In a bid to increase affordability of basic food commodities for low income earners and encourage consumption of healthy meals, government removed the 12% VAT on items that include brown bread, vegetables, fruits, rice, samp, milk and bread flour, effective 25 January 2015.

A snap survey carried out by the BusinessWeek around Gaborone this week revealed that some retailers have knocked down prices, while others have held out with the old pricing. Other retailers have increased prices of the affected commodities.

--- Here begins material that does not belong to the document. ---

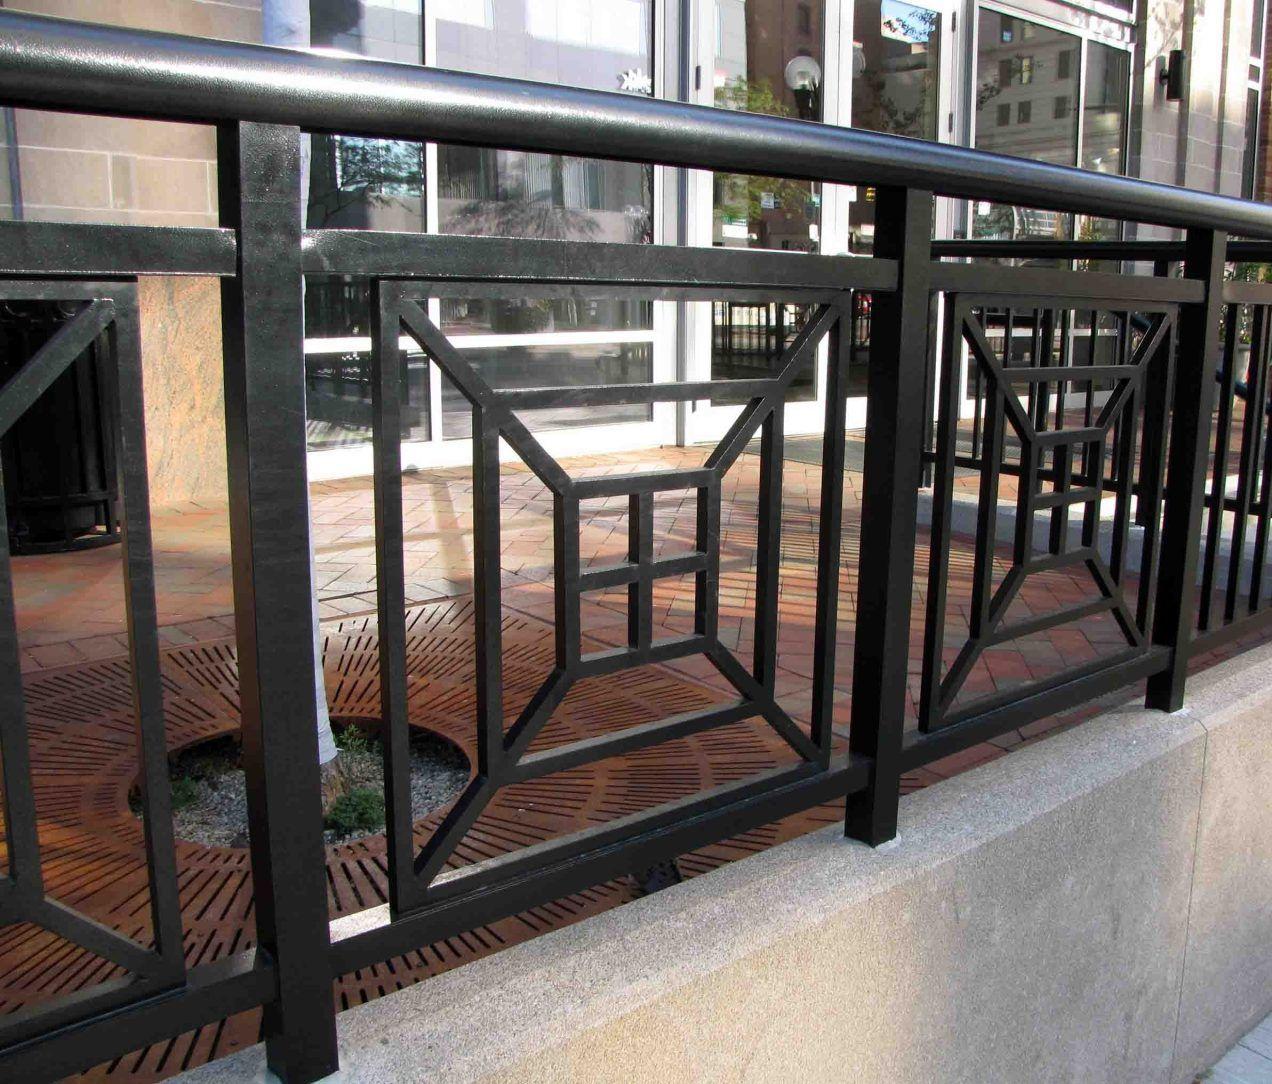 51 Stunning Staircase Design Ideas: Stunning Farmhouse Porch Railing Decor Ideas 51

In an interview with Business Week, the managing director for Main Mall Payless, Kgotla Odirile said they have removed VAT on all of the affected items.

The managing director of Spar Supermarket in Main Mall, Rathinam Rengasamy also said they removed VAT from the said items since 25th January, although prices displayed on the shelves portrayed a different picture.

When comparing the current prices of rice, bread flour and brown bread to the December ones, there is an indication that some prices have gone up instead. The trend was also discovered at the Shoprite supermarket, where some of the prices have increased except for milk, which has remained the same.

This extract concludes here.